Redemption Holding Company, a Delaware corporation, announced last week it reached a purchase agreement with Holladay Bank and Trust, which opened in Holladay in 1974. The deal is pending federal regulatory approval.

Redemption Holding Company aims to reverse a decadeslong trend in Black bank closures. According to the company, the number of American Black-owned banks decreased from 50 in 1976 to just 16 in 2022.

Redemption Holding Company would move that number to 17 and would mark the first time in U.S. history that an existing commercial bank would become a Black-owned Minority Depository Institution — a federal term that refers to banks and credit unions that are owned or directed primarily by minority groups — through acquisition.

“Black banks make the American dream possible for all Americans by deploying resources that uniquely address the financial realities of communities that have been systematically excluded, overcharged and under-capitalized for hundreds of years,” Redemption Holding Company CEO Ashley D. Bell said in a statement. “Redemption will serve as a lifeline to the next wave of Black and brown first-time homebuyers and small business entrepreneurs across the country.”

The bank hopes to address racial and ethnic disparities in finances. For example, Black and Latino households earn about half as much as white households and only own about 15-20% as much net wealth, according to the Federal Reserve. Black borrowers are also twice as likely to have their mortgage request denied.

Redemption Holding Company will be led by a number of high-profile names, including Bernice A. King, daughter of Corretta Scott King and the late Dr. Martin Luther King Jr.; former NFL player and investor Dhani Jones; and Bell, a former White House policy adviser. Bell and King previously co-founded the National Black Bank Foundation, which has steered $600 million of investment opportunities into Black banks since 2020.

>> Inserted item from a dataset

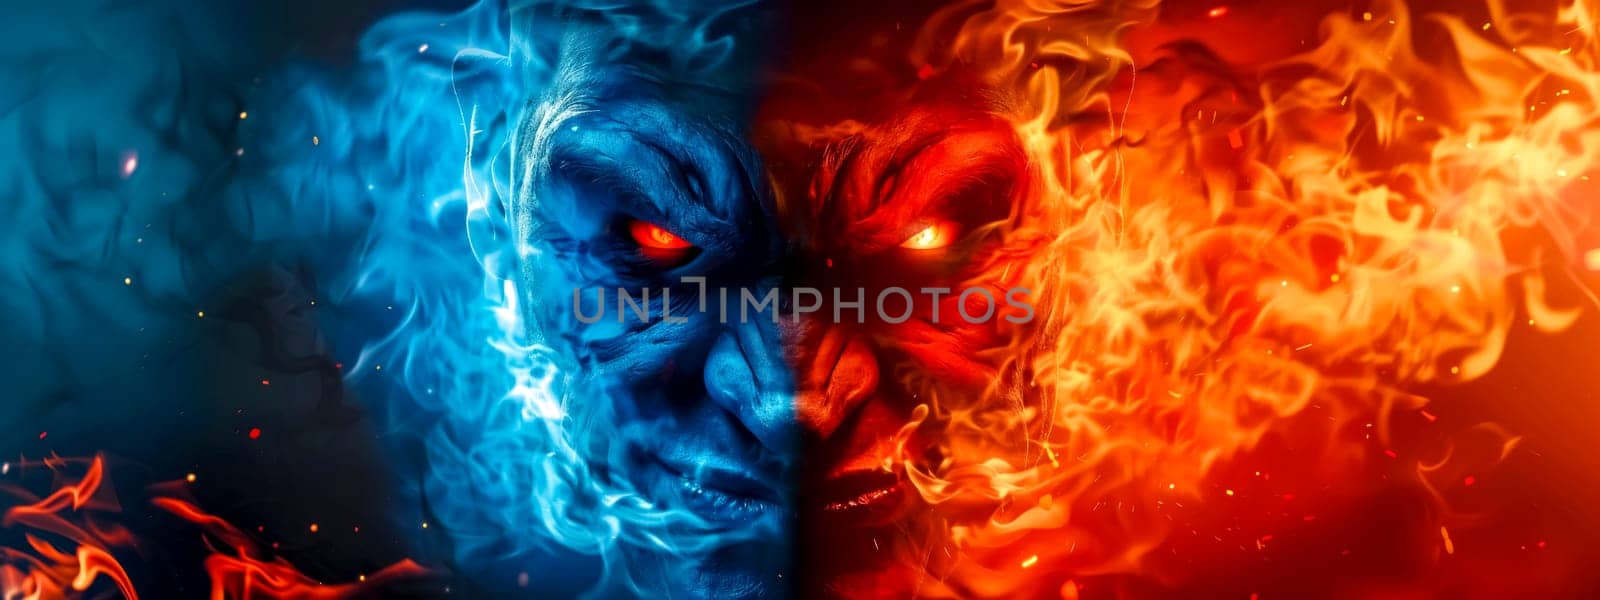 Fiery and icy demonic faces concept by Edophoto

“In my father’s last public address on April 3, 1968, he preached the imperative to accelerate the financial inclusion of Black Americans by supporting mission-driven Black banks — something he called a ‘bank-in movement,'” King said in a statement. “More than half a century of struggle and incremental progress later, we’re making good on Daddy’s call to bank-in by creating new centers of opportunity for people of color, starting with this Black-led bank acquisition. Redemption is just that: delivering families from the cycle of unjust financial exclusion and intergenerational poverty.”